Popular Parisian restaurant opens in Covent Garden
Modern French | RR | ££££
After the huge success of Frenchie in Paris, chef Gregory Marchant brought his popular brand of sharing dishes to the Big Smoke. This modern luxe restaurant serves up some interesting plates of food – not everything is a hit but overall it’s good. The lights are gorgeous but could do with being a bit dimmer for night time dining. Service is fun but professional.
I try at all costs to avoid the tourist trap that is Covent Garden. It literally gives me anxiety walking through crowds huddled around performers in the square. If you can bear it, muscle your way through the crowd and soon you’ll be greeted by a more quiet chic space that goes by the name of Henrietta Street, where you’ll find a few upscale shops, The Ivy Market Grill and Frenchie…
Gorgeous airy space that’s luxurious but casual all at the same time. The place is a little too bright for night time dining, could do with being a tad more dim. There’s a sleek bar in the centre of the upscale dining room where one can eat from the exact same menu offered to the diners on the individual tables.
There’s a smaller seating space downstairs by the kitchen that feels even more casual with a few pillows strewn on the sofa table units.
FOOD & SERVICE
So chef, Gregory Marchand, made his name in restaurants in England where he picked up the nickname Frenchie. He eventually went on to set up his own spot in Paris by the same name and amassed a big following quickly. A little over a year later he decided to replicate the success in London and the rest is histoire.
I had it on my list when I recently visited Paris but didn’t quite make it, so when a friend was visiting London from Paris I suggested we go here to satiate my curiosity of this culinary brand.
We kicked things off with a lovely refreshing but expensive grapefruit cocktail (£14).
The menu is split into 4 sections: bites | starters | small plates | larger plates. We had a gorgeous little bite in the form of crab on a sort of seaweed cracker.
Next up was squid ink ravioli with the smoothest potato purée sitting on lobster bisque which had quite a thick consistency that I wasn’t expecting but was really flavoursome; this dish had a sprinkling of pearl barley which gave it a delicious crunch.
Then came two larger plates: duck and turbot. Anyone who knows me well knows I have a slightly unhealthy obsession with this bird – I’m more of a duck leg kind of gal but I can mos def get down with some breast – the breast in question was tender and sweet with a peppery kick that came from green harrisa – the chickpeas and charred green beans on the side were infused with sweetness from the thick sauce on the plate.
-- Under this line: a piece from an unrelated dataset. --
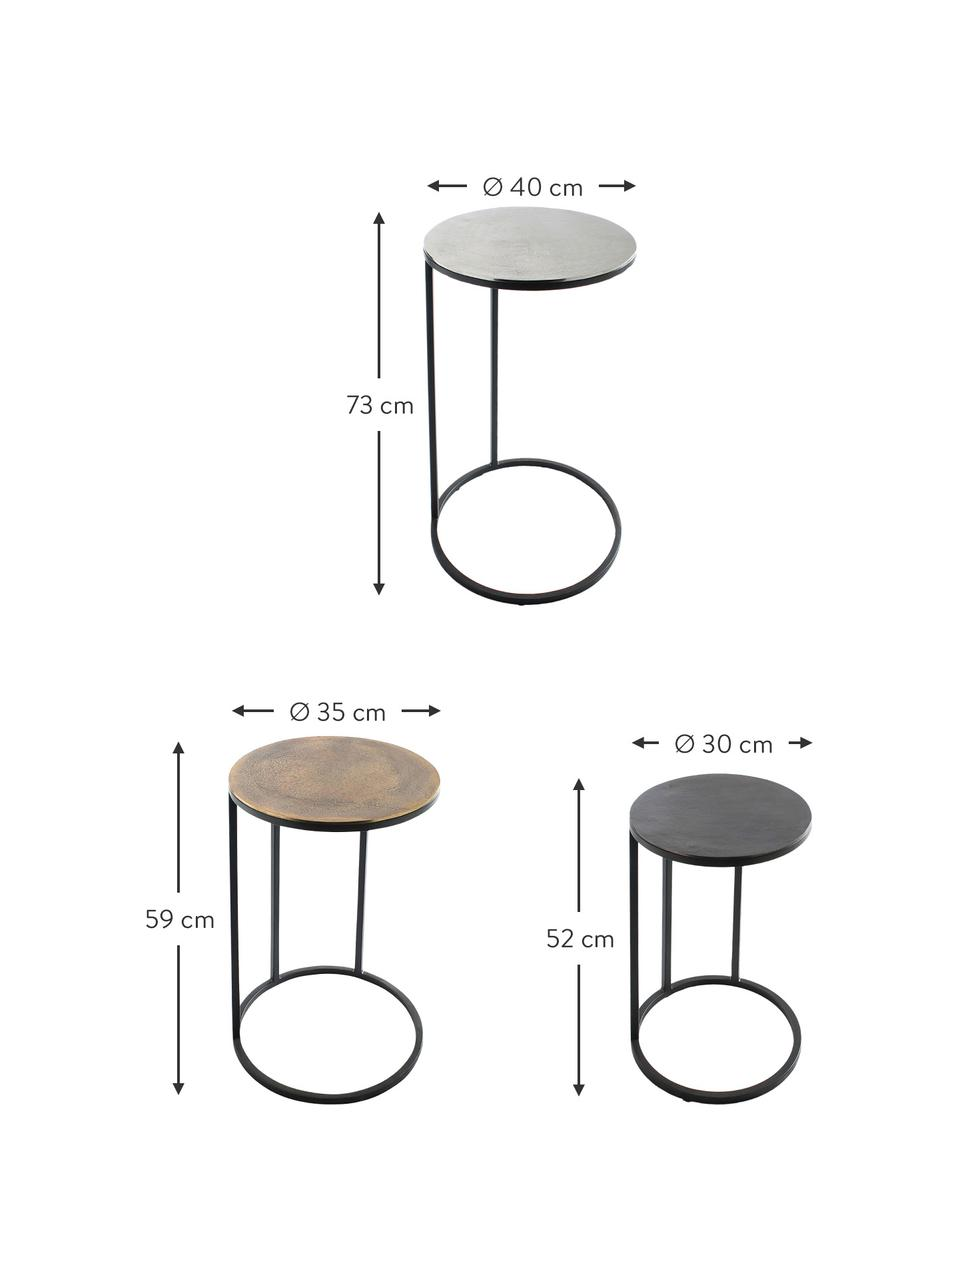 Table d'appoint gigogne métal Calvin, 3élém., Aluminium, laiton

The turbot was equally delicious, cooked well (the skin was a bit rubbery but I didn’t begrudge that) with a bit of sweetness coming in via the kumquat balanced with citrusy lemon verbena. The potato and veg were also perfectly cooked.
Last up was dessert and my friend ordered the chocolate one which had a sprinkling of bacon – I don’t eat pork, so I scooped a bit around it and it was pretty yummy.
I opted for a beautiful peach and pecan tart with tonka bean ice cream -rich buttery pastry that had me at hello.
My only gripe at the time is that the food felt a bit tepid but I do like my food hot hot hot, so perhaps it’s just me…
I went back a few weeks later with my favourite cali gal…
and there was a slightly different menu. The food was good but I didn’t come out feeling as excited about Frenchie the first time I went and I’m not really sure why. I think it may have been a combo of one of the dishes not been to my liking at all, being very aware of the bright lights and the fact that we were seated at the corner of the bar which made us feel somewhat out of the action. Also, when the price point is not so low, you become less forgiving about details like this. However, I must say, the service was charming even if a little slow.
Here is the Smoked Arctic Char Tartare, Chive & Kalamata Bergamot dish that I had – super fresh and zesty
I can’t remember what fish this was but I wasn’t at all excited about its side hustle, a medley of yellow tomatoes, raspberries and some herbs – this just tipped too far on the sweet end of the scale for me. Being summer, I understand why they’d put out a dish like this but I just wasn’t into it.
This beef dish was cooked well, enriched with a bit of parmesan and made even more decadent with the cured egg; I also really enjoyed the chargrilled broccoli and mushrooms.
Despite not enjoying Frenchie as much as I did on my first visit, I would deffo recommend it as a good dining option in London.
Mixed crowd – generally tends to be a slightly older cultured looking crowd. Quite a number of couples. Lots of patriots too in the form of Frenchies (on both occasions I visited)
5 plates between 2 people + cocktails and wine will set you back about £65
THE TAKE OUT
Good modern French fare in a contemporary setting. A little on the pricey side. I would definitely revisit but not sure this will be a regular for me.